What would Nettie and Charlie Bullis have thought of such a machine? We think that  Nettie may have been impressed with its efficiency and Charlie, with the novelty of the thing.  Charlie may have even decided to try to build his own version of the machine.

Please plan to come and see this fun demo.

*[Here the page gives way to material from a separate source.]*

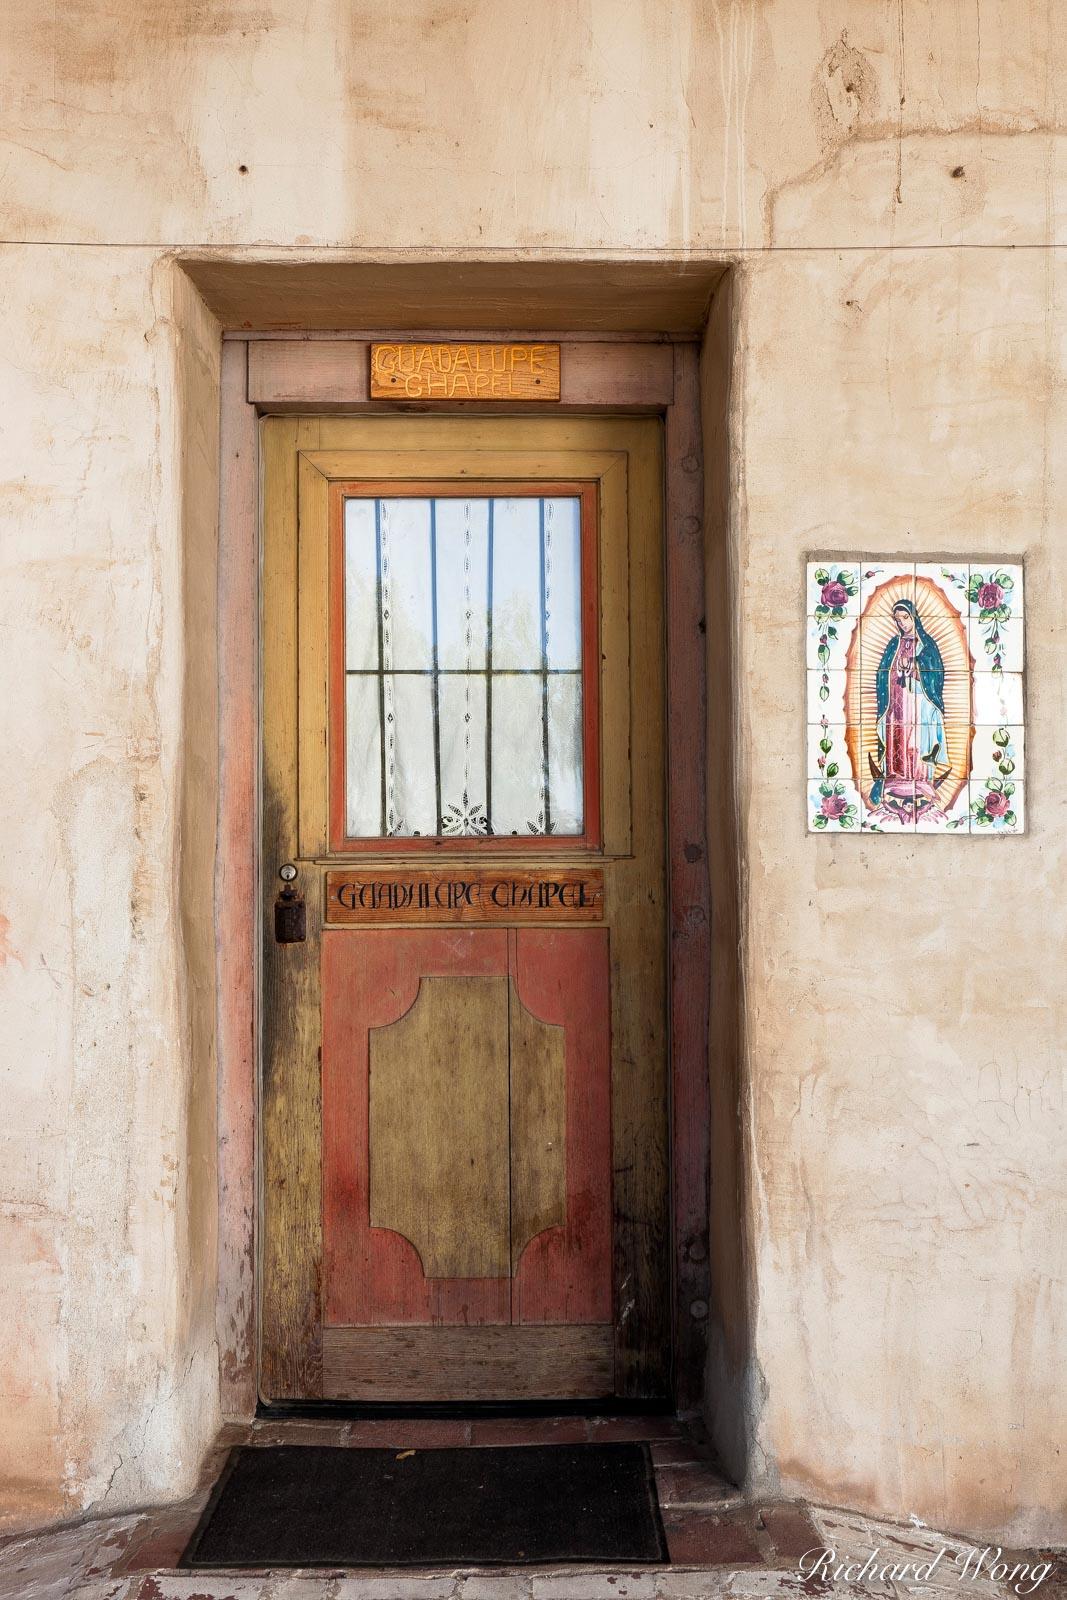 1797, California, California Missions, alta california, architecture, building, door, doors, doorway, doorways, entrance, exterior, guadalupe chapel, mission miguel arcangel, national historic landmar, photo
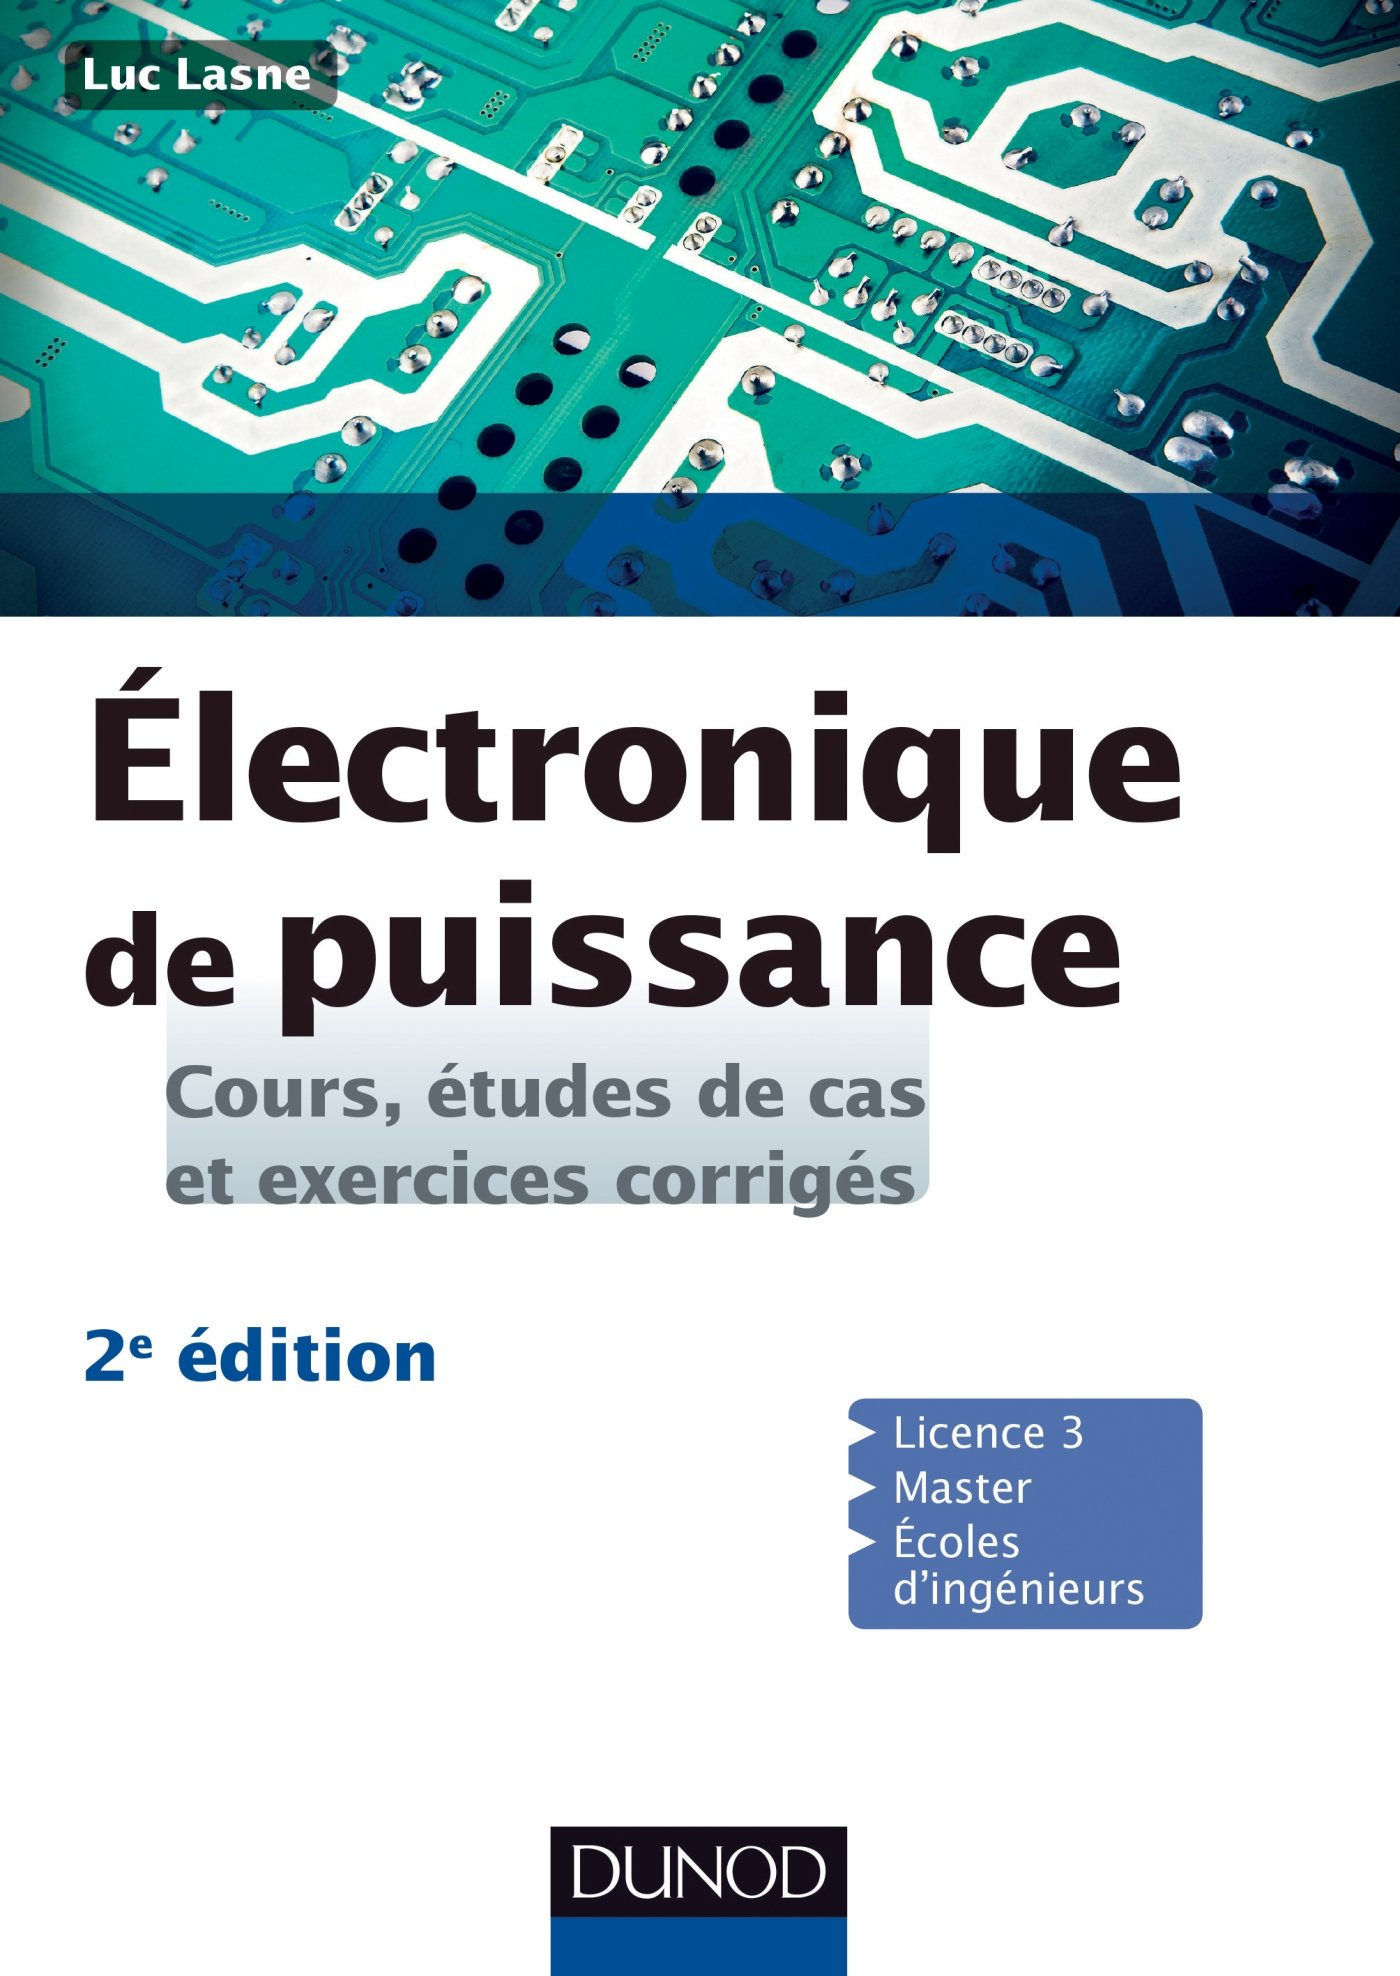 Electronique de puissance - Cours études de cas et exercices corrigés

And if you'd like to visit the Bullis Room after the 3-D presentation, we'll be glad to give you a quick tour. (But we have to be out before 8 PM! Or else we may turn into a plastic Spongebob Squarepants.)



Thursday, December 10, 2009

THE GIFT OF DIVERSITY

This week, volunteers put together a new display in the case outside the Bullis Room., display celebrating diversity and suggesting that viewers resolve to read a variety of new topics and discover new authors in the coming new year. Some of our suggestions are:

Rupert, by the Grace of God
the Story of an Unrecorded plot set forth by Will Fortesque
Edited and revised by Dora Greenwell McChesney, published in 1899

Two Little Savages
Being the adventures of two boys who lived as Indians and what they learned
Written by Ernest Thompson Seton, published in 1917.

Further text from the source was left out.